• [THE TASK]
What you return must match the data below exactly, minus any pictures.
▶
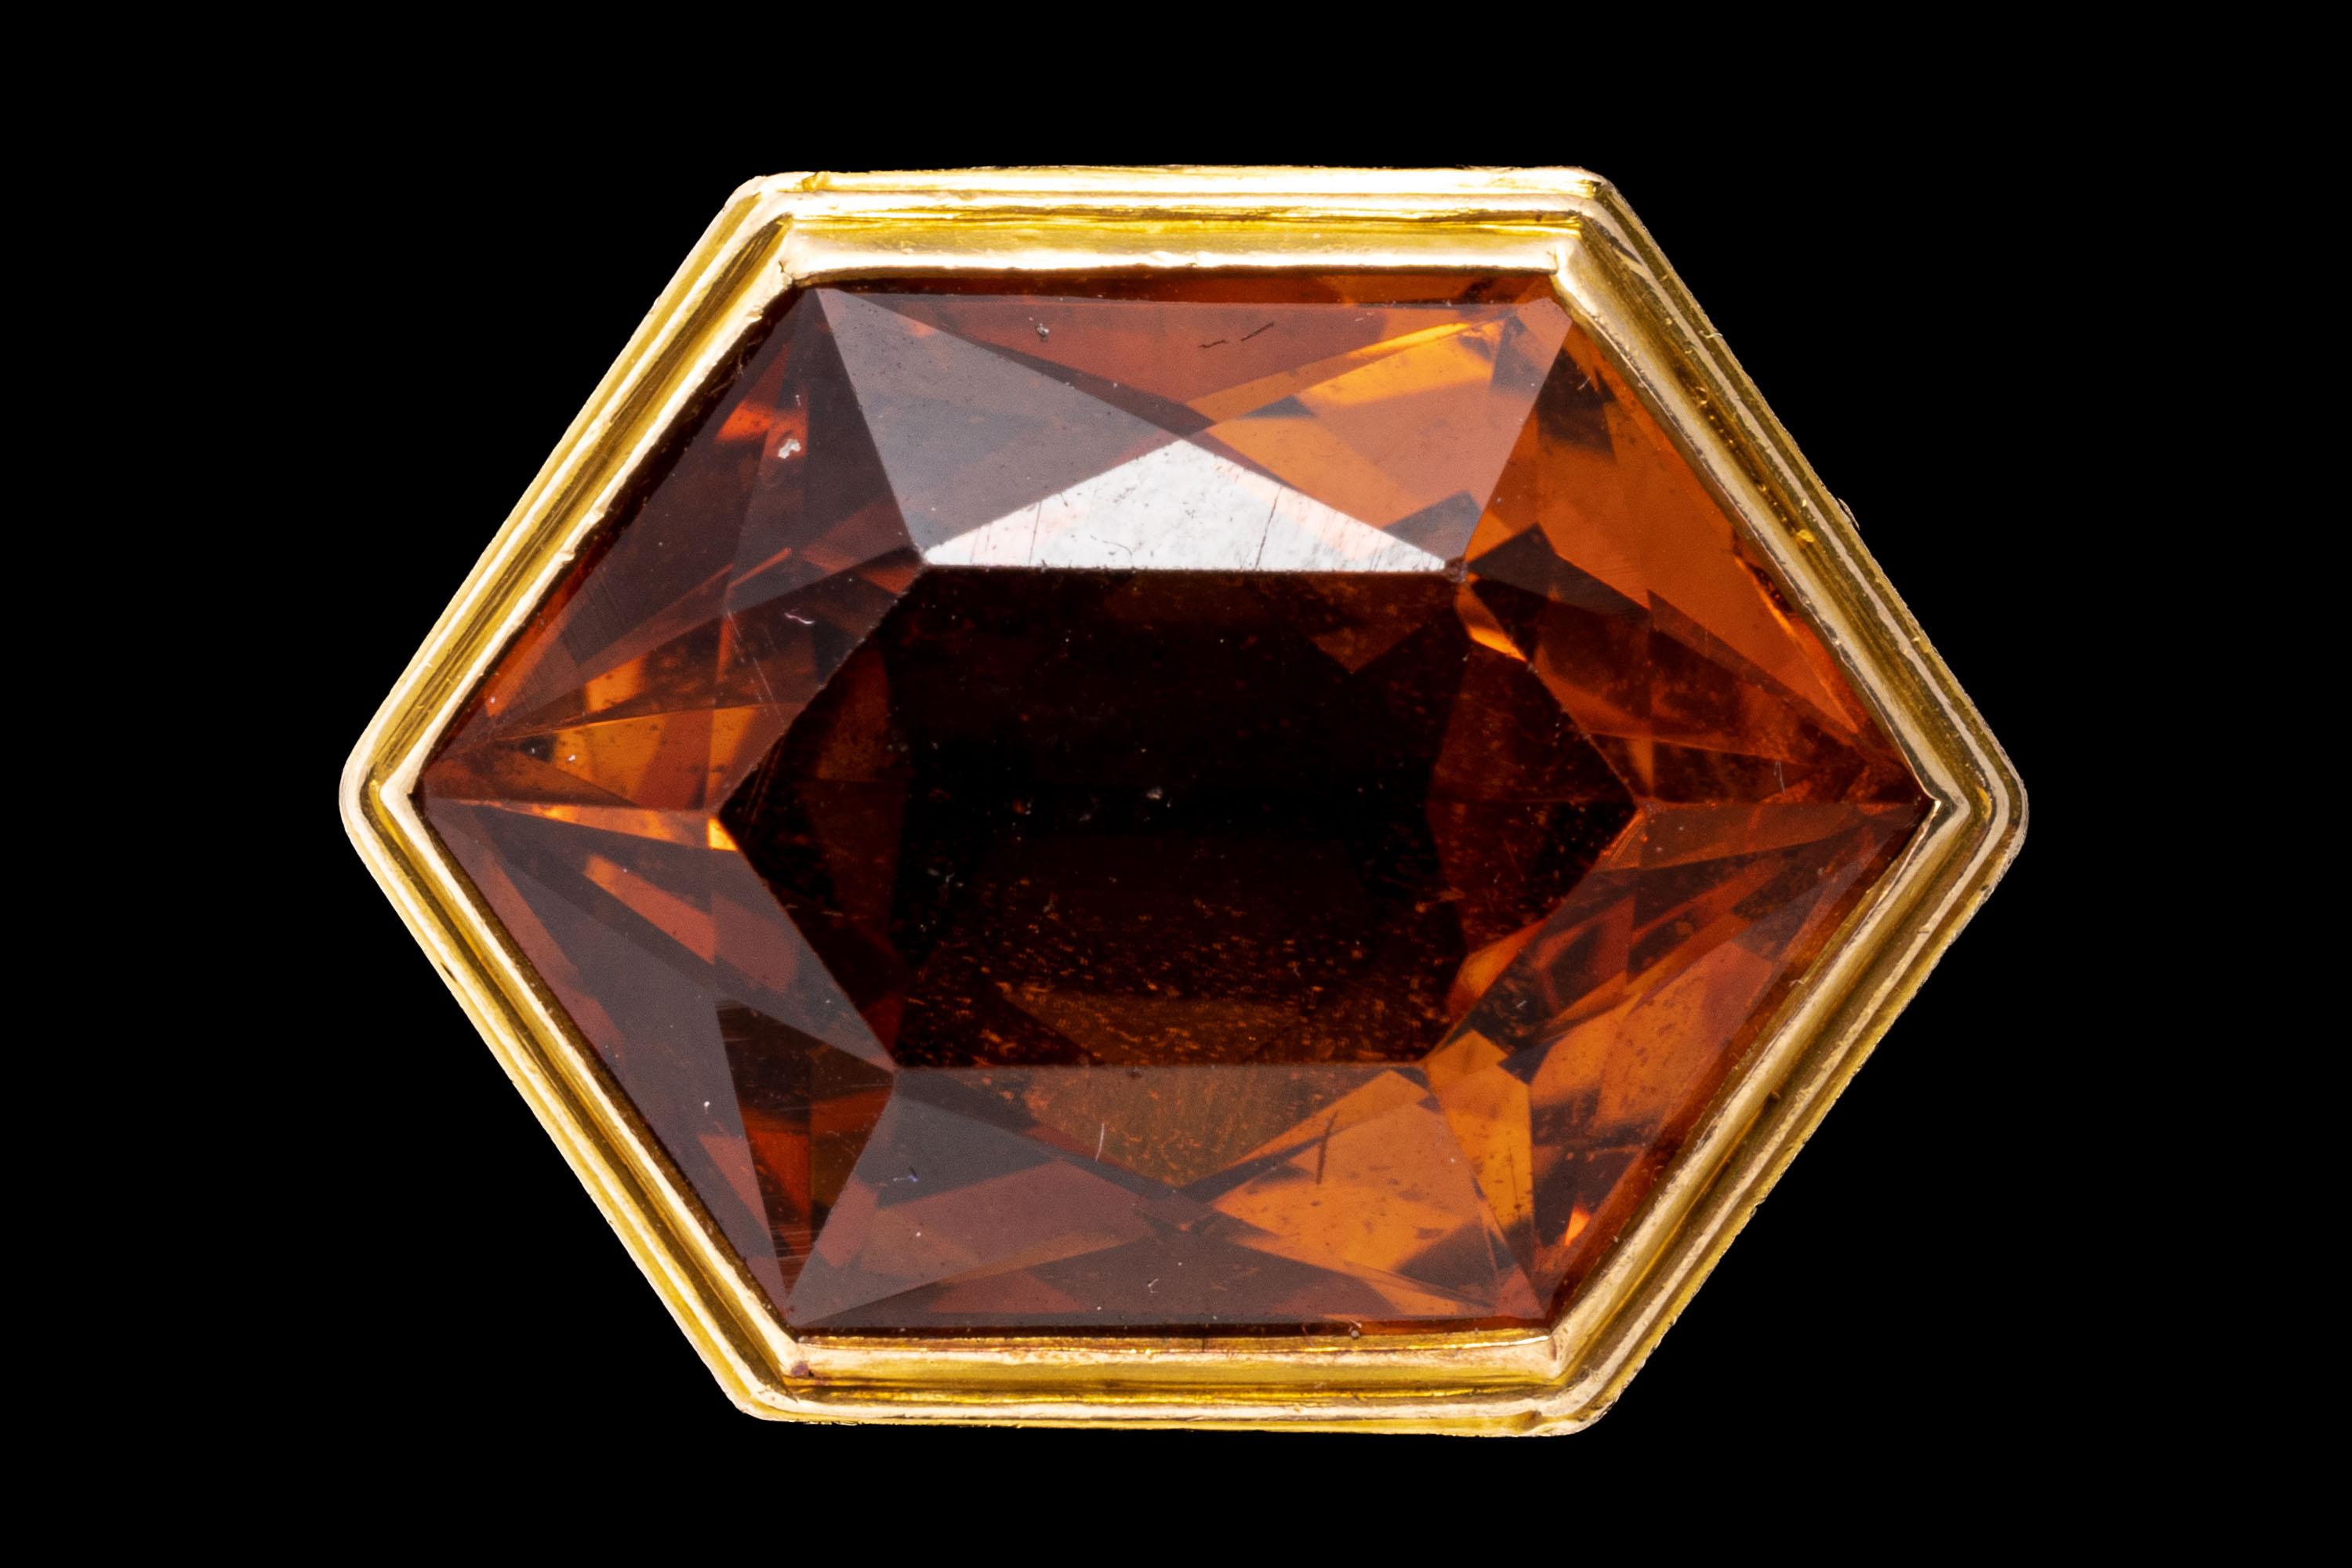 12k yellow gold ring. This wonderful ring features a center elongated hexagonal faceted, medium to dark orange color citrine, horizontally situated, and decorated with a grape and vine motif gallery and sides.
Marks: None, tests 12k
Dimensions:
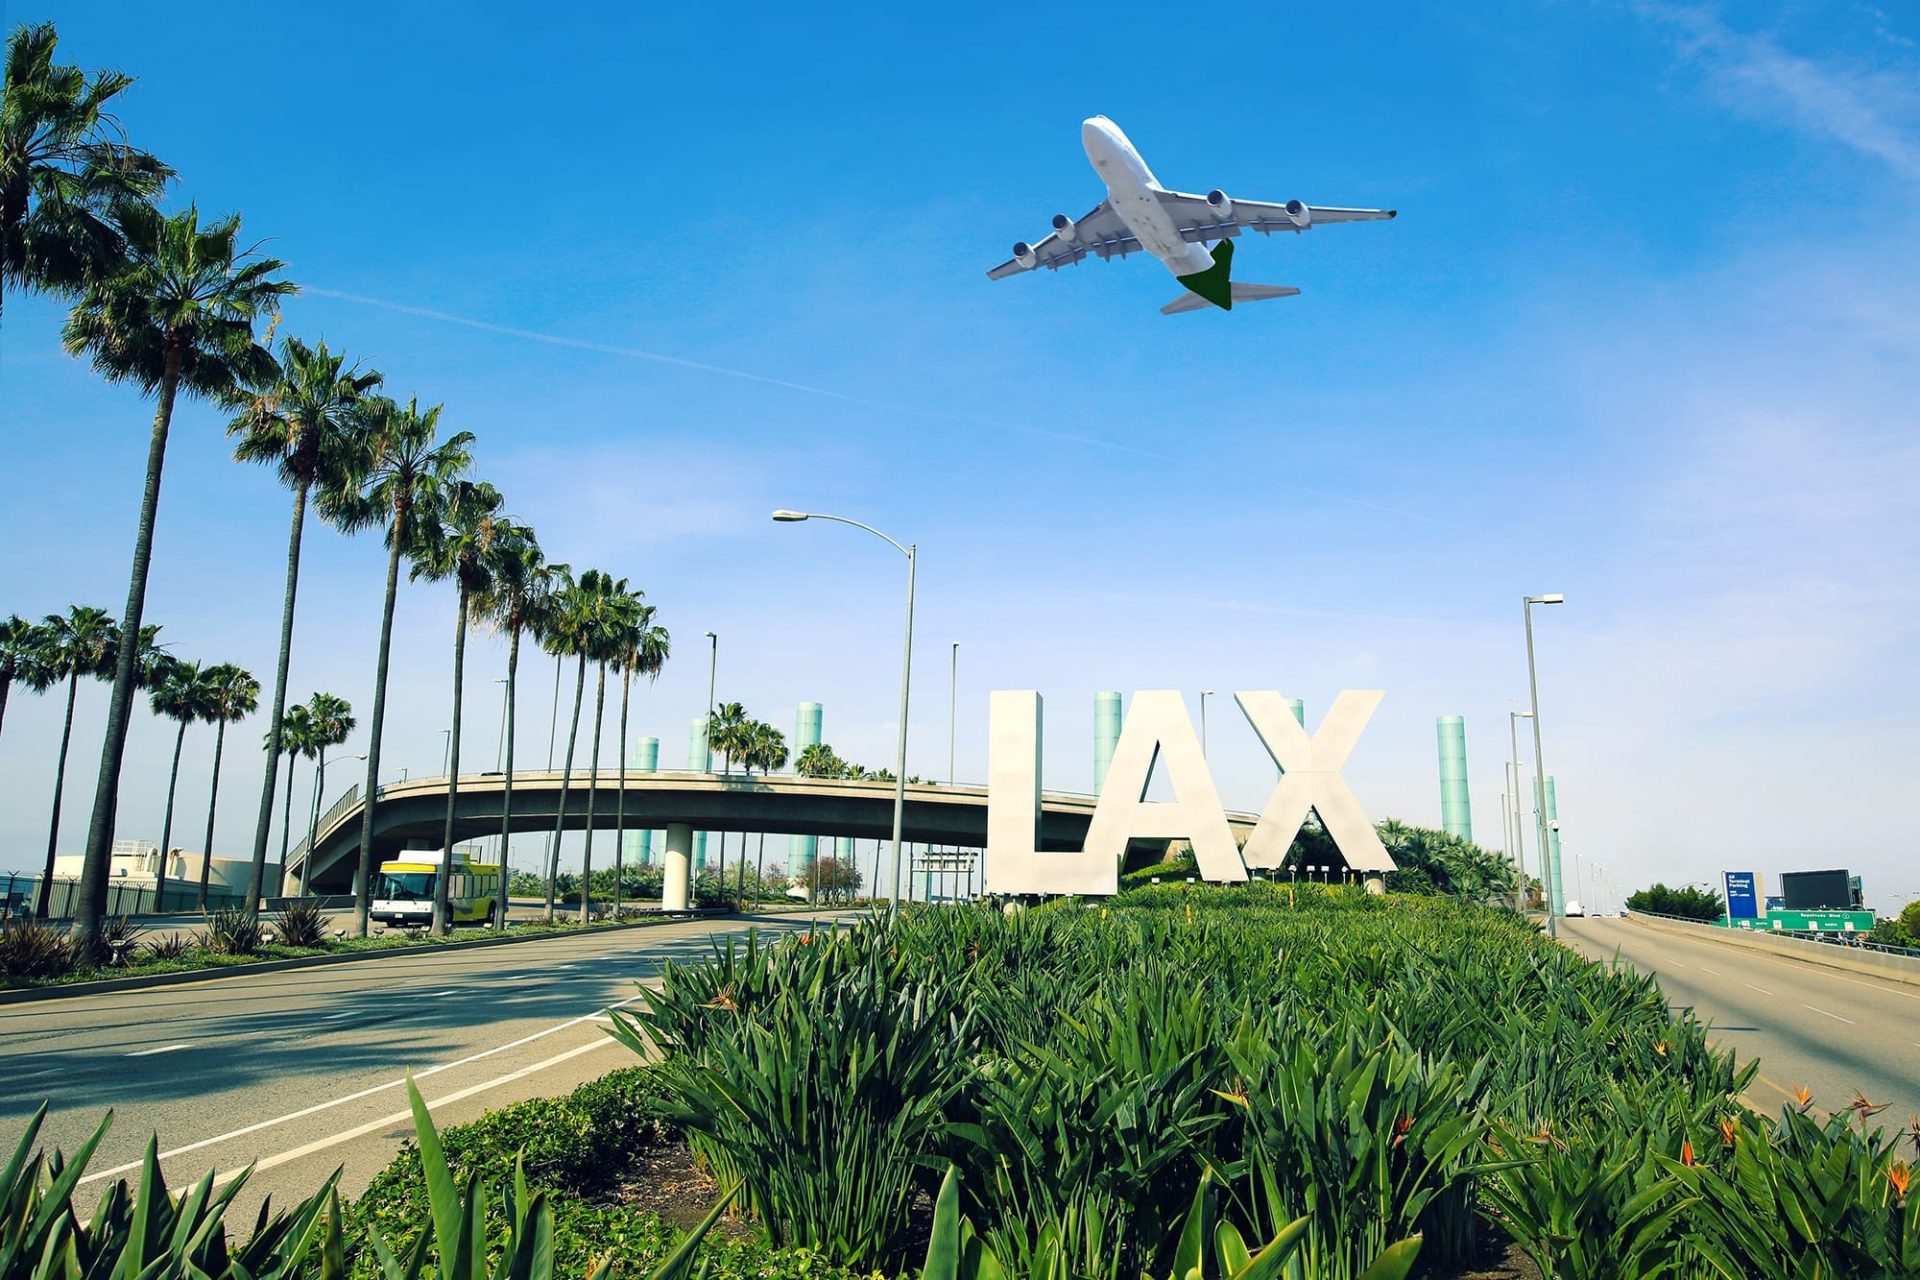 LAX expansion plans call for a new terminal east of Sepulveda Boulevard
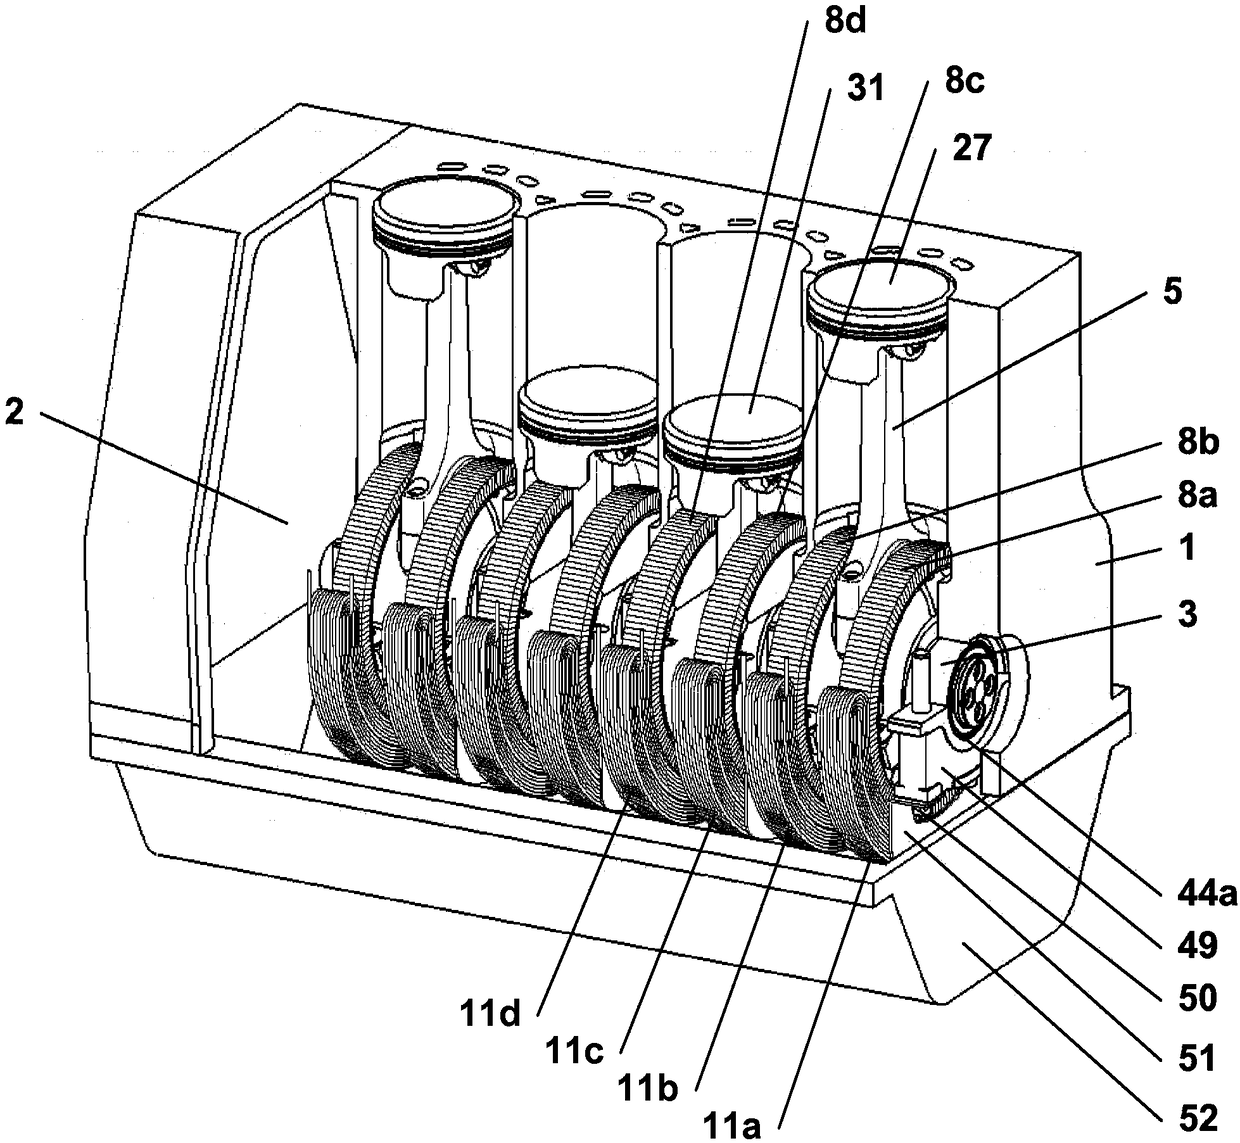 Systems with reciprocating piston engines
◀
• [RESPONSE TO THIS TASK]
 12k yellow gold ring. This wonderful ring features a center elongated hexagonal faceted, medium to dark orange color citrine, horizontally situated, and decorated with a grape and vine motif gallery and sides.
Marks: None, tests 12k
Dimensions:
 LAX expansion plans call for a new terminal east of Sepulveda Boulevard
 Systems with reciprocating piston engines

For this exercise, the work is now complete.